I’m working on an application (c++) that utilizes multiple types of hardware to simultaneously collect data of various types. The common usage pattern is to run the different interfaces to these devices (eye-tracking, motion-tracking, visualization, etc.) each in its own thread, so they mess with each other as little as possible. I don’t a need a guarantee of super-precise timing of when the threads actually execute, which I understand would require hardware timers. What I’m looking to do, though, is have threads be able to query a central timer of some kind, which they can use periodically to add time-stamps to the collected data, so the data can be (semi-precisely) aligned later for analysis. Millisecond-scale precision is fine for this purpose.
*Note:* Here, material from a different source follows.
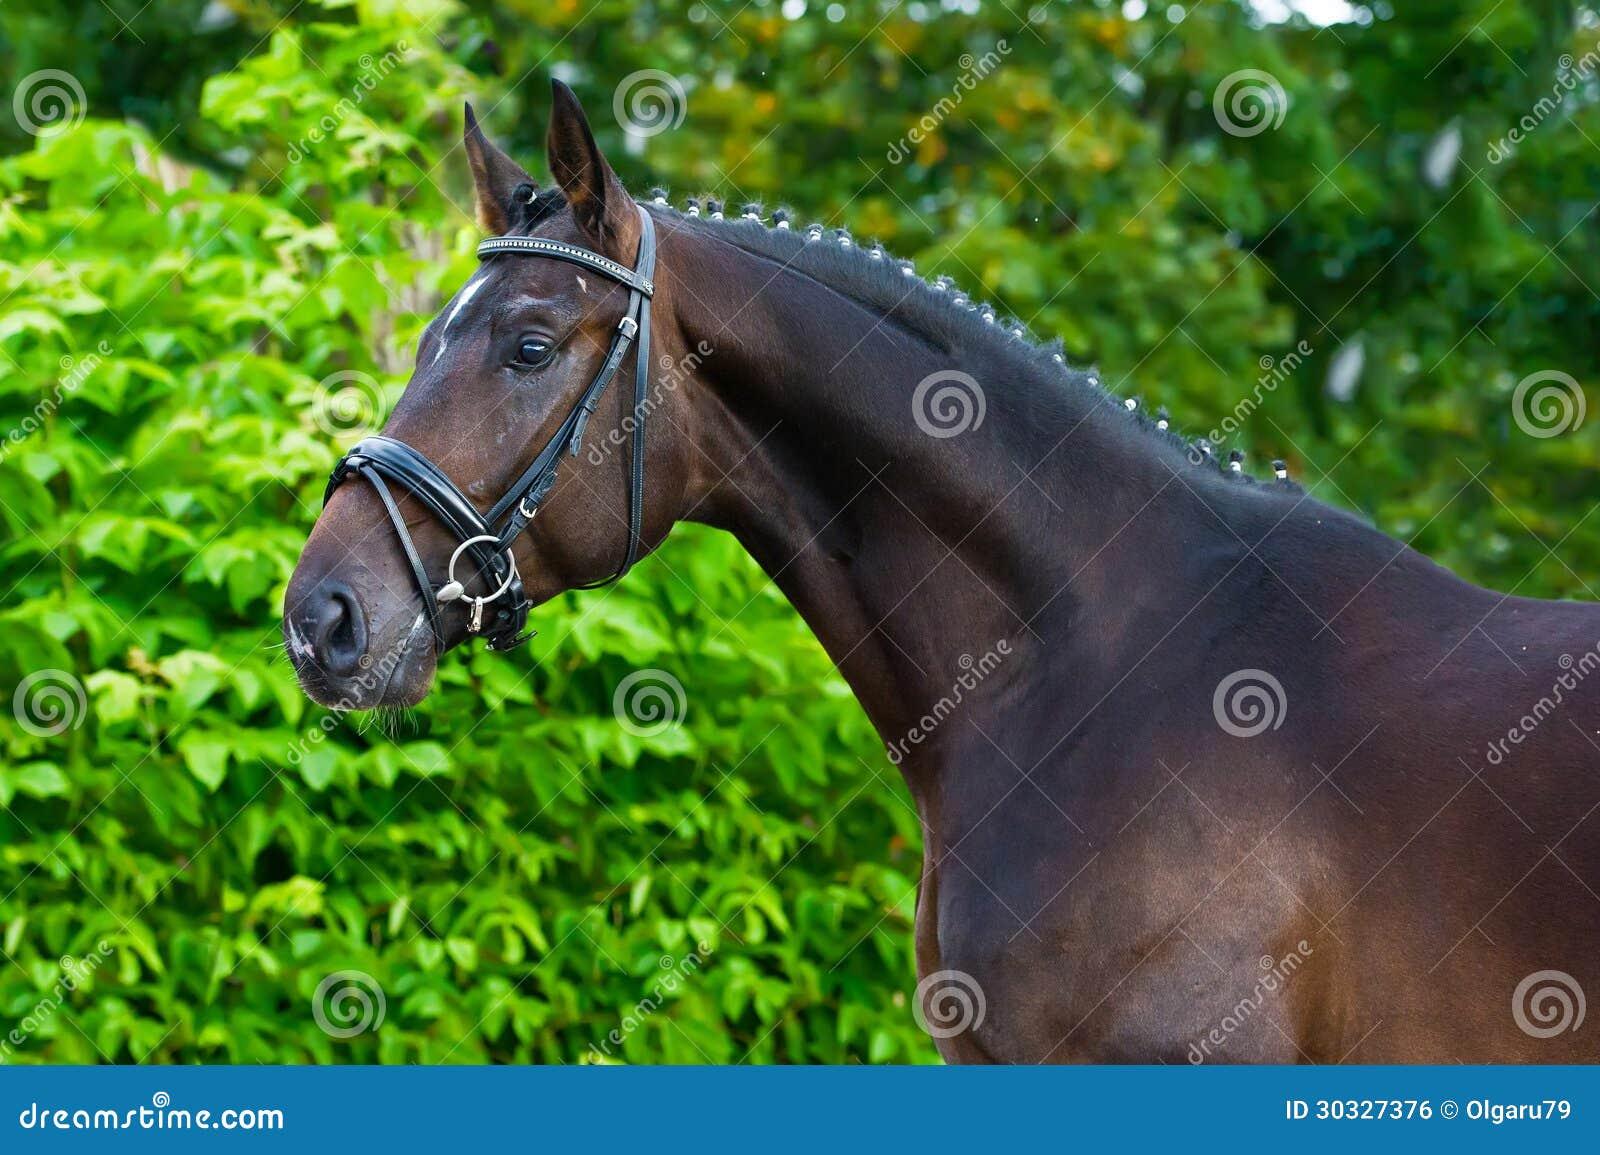 Horse breeder business plan bundle
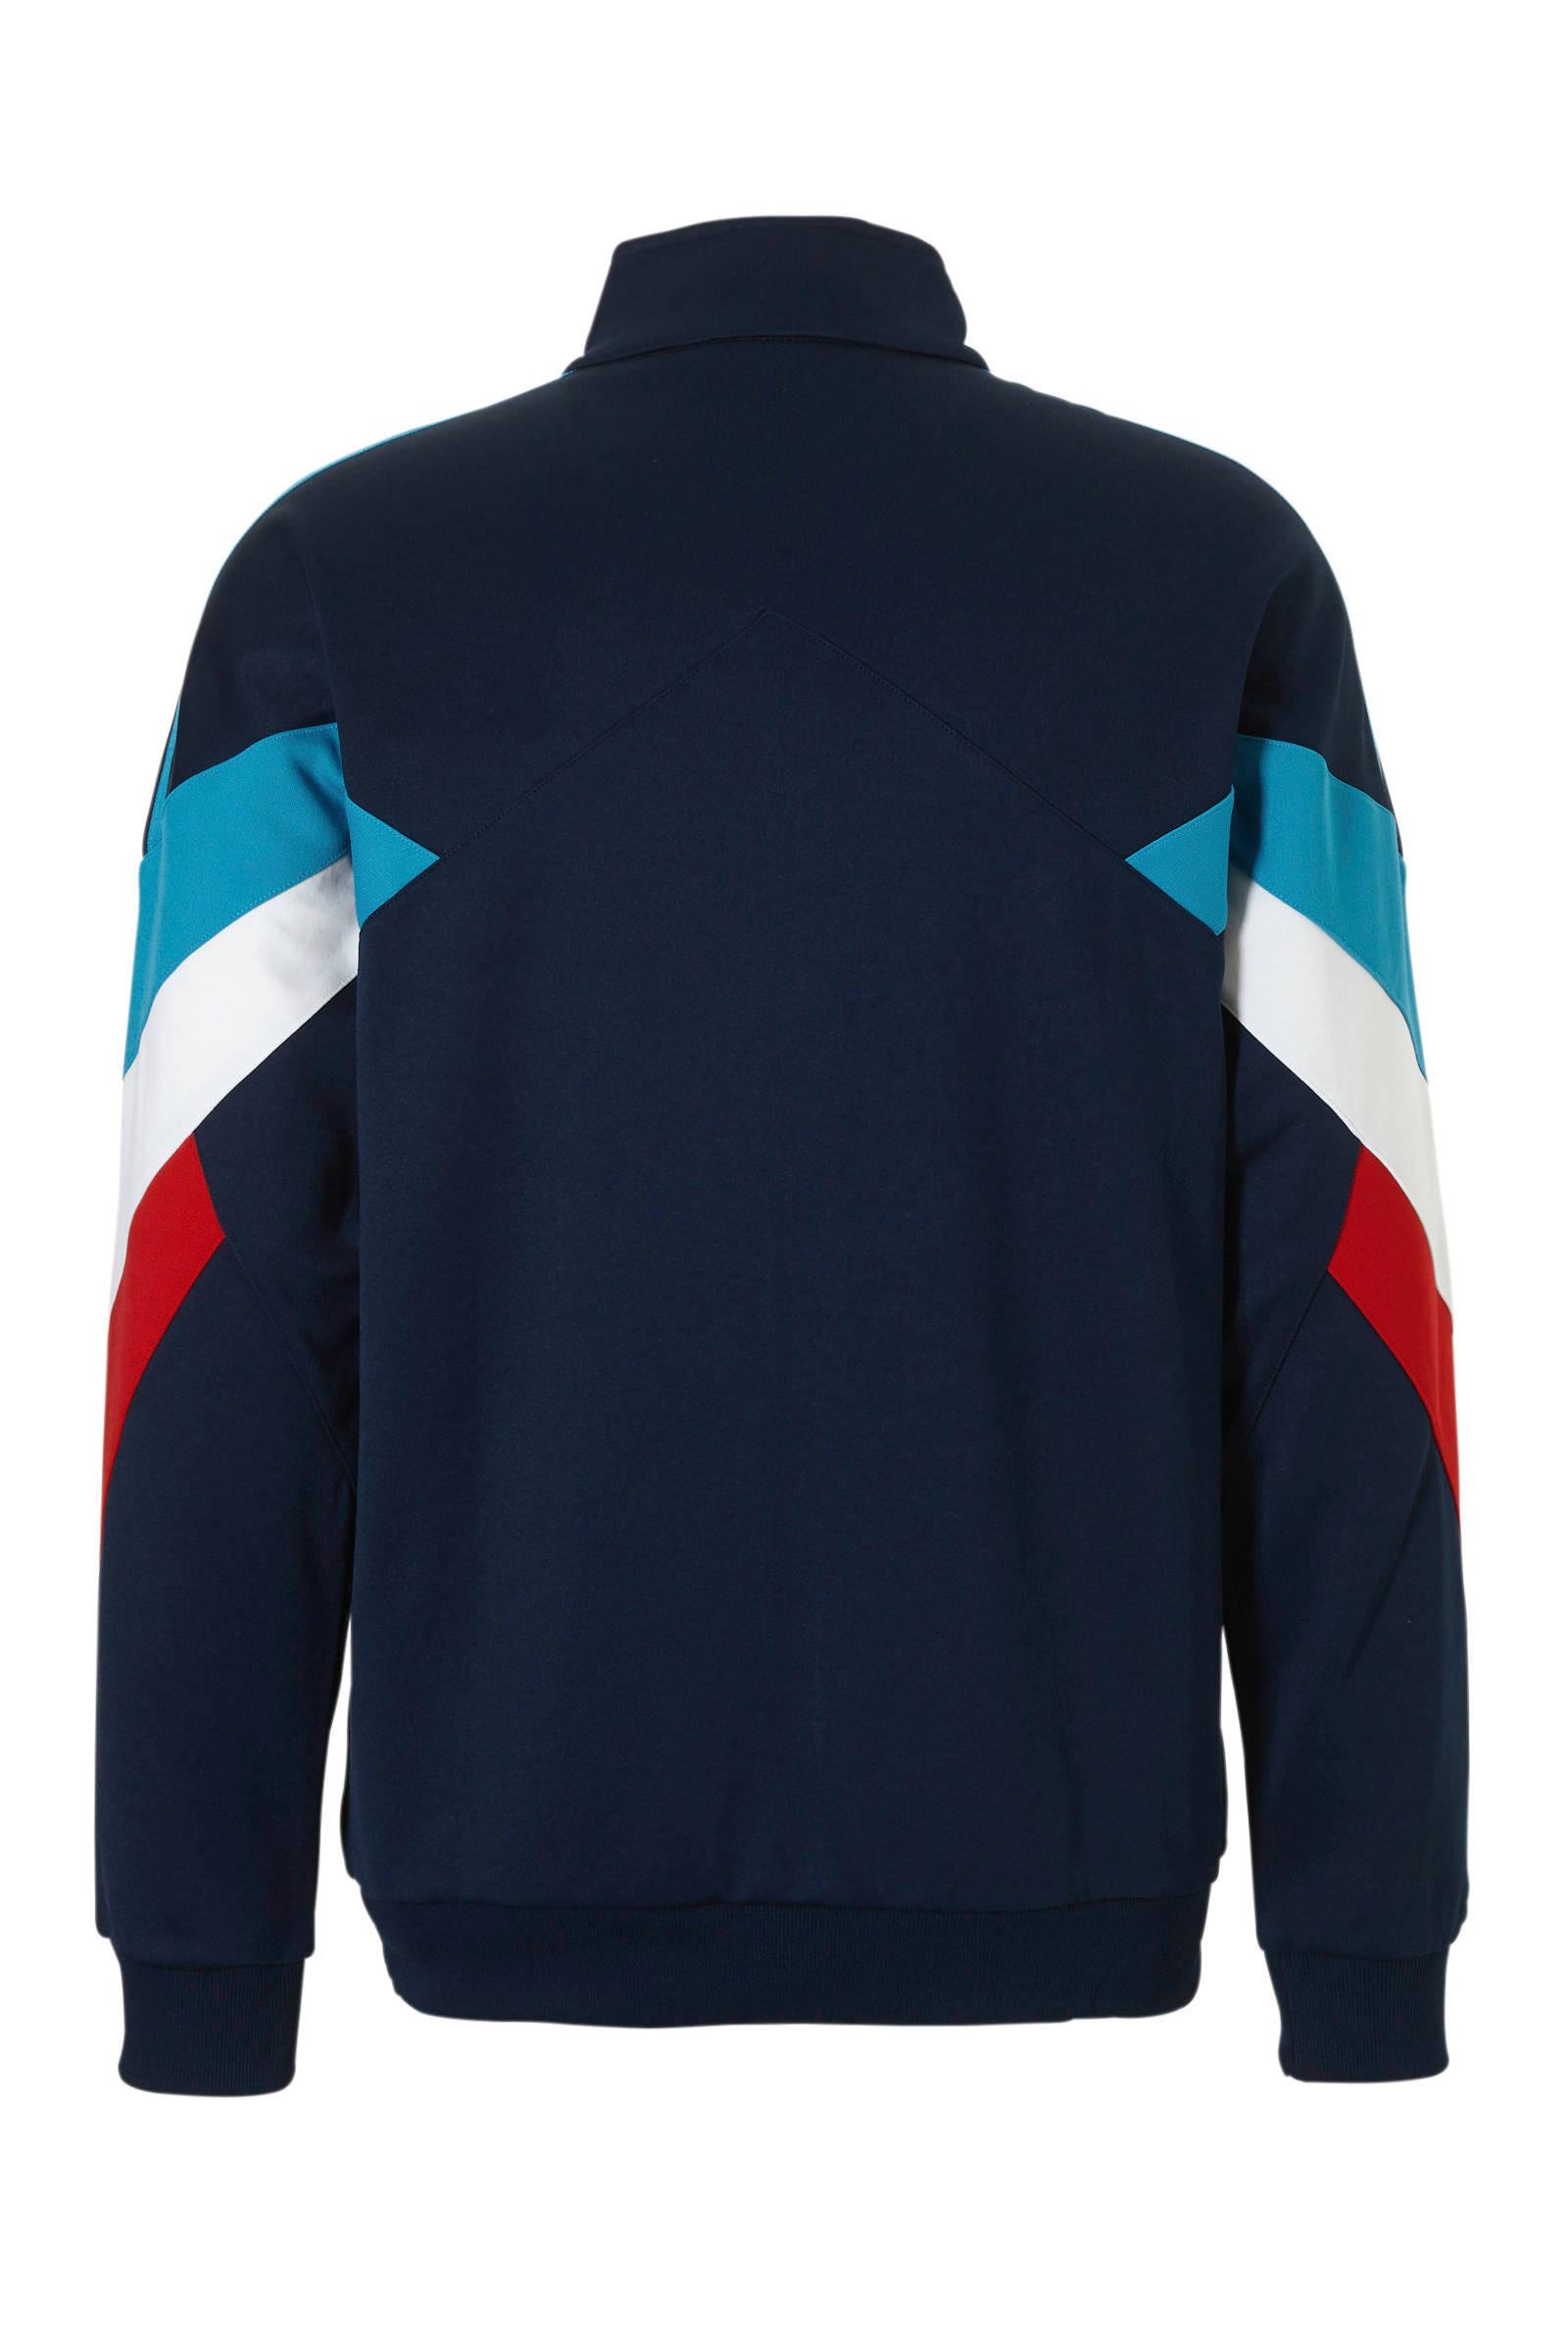 Vest Tt Herenkleding Originals Adidas Palmeston Marine rtshQdC

The application uses Qt for gui purposes, so I thought QElapsedTimer would be a potential solution. However, the docs state that all methods are reentrant, not thread-safe. Am I correct that this necessitates a unique QElapsedTimer object for each thread that wishes to use this type of timing functionality? If this is the case, my approach would be to require each thread to initialize timing in a blocking function (executed in the main thread). Initialization would involve creating a wrapper object which combines a timer + an offset from the “main” timer, so that any/all timers created are “synchronized” to the main timer. This would be done in the main thread in order to obtain the offset from the non-threadsafe original timer.
Is this a reasonable approach, or is there a better “standard” (design-pattern) approach that I should use instead? Or, is there a different library that would better suit my purposes? Currently I’m working on Windows (7 and XP), but the application eventually is slated to be cross-platform.
In Qt you have convenient classes such as QMutexLocker for making synchronous calls. So you can use QMutexLocker along with QMutex in order to mark the function as thread safe, and then you can use QElapsedTimer across threads without any problems.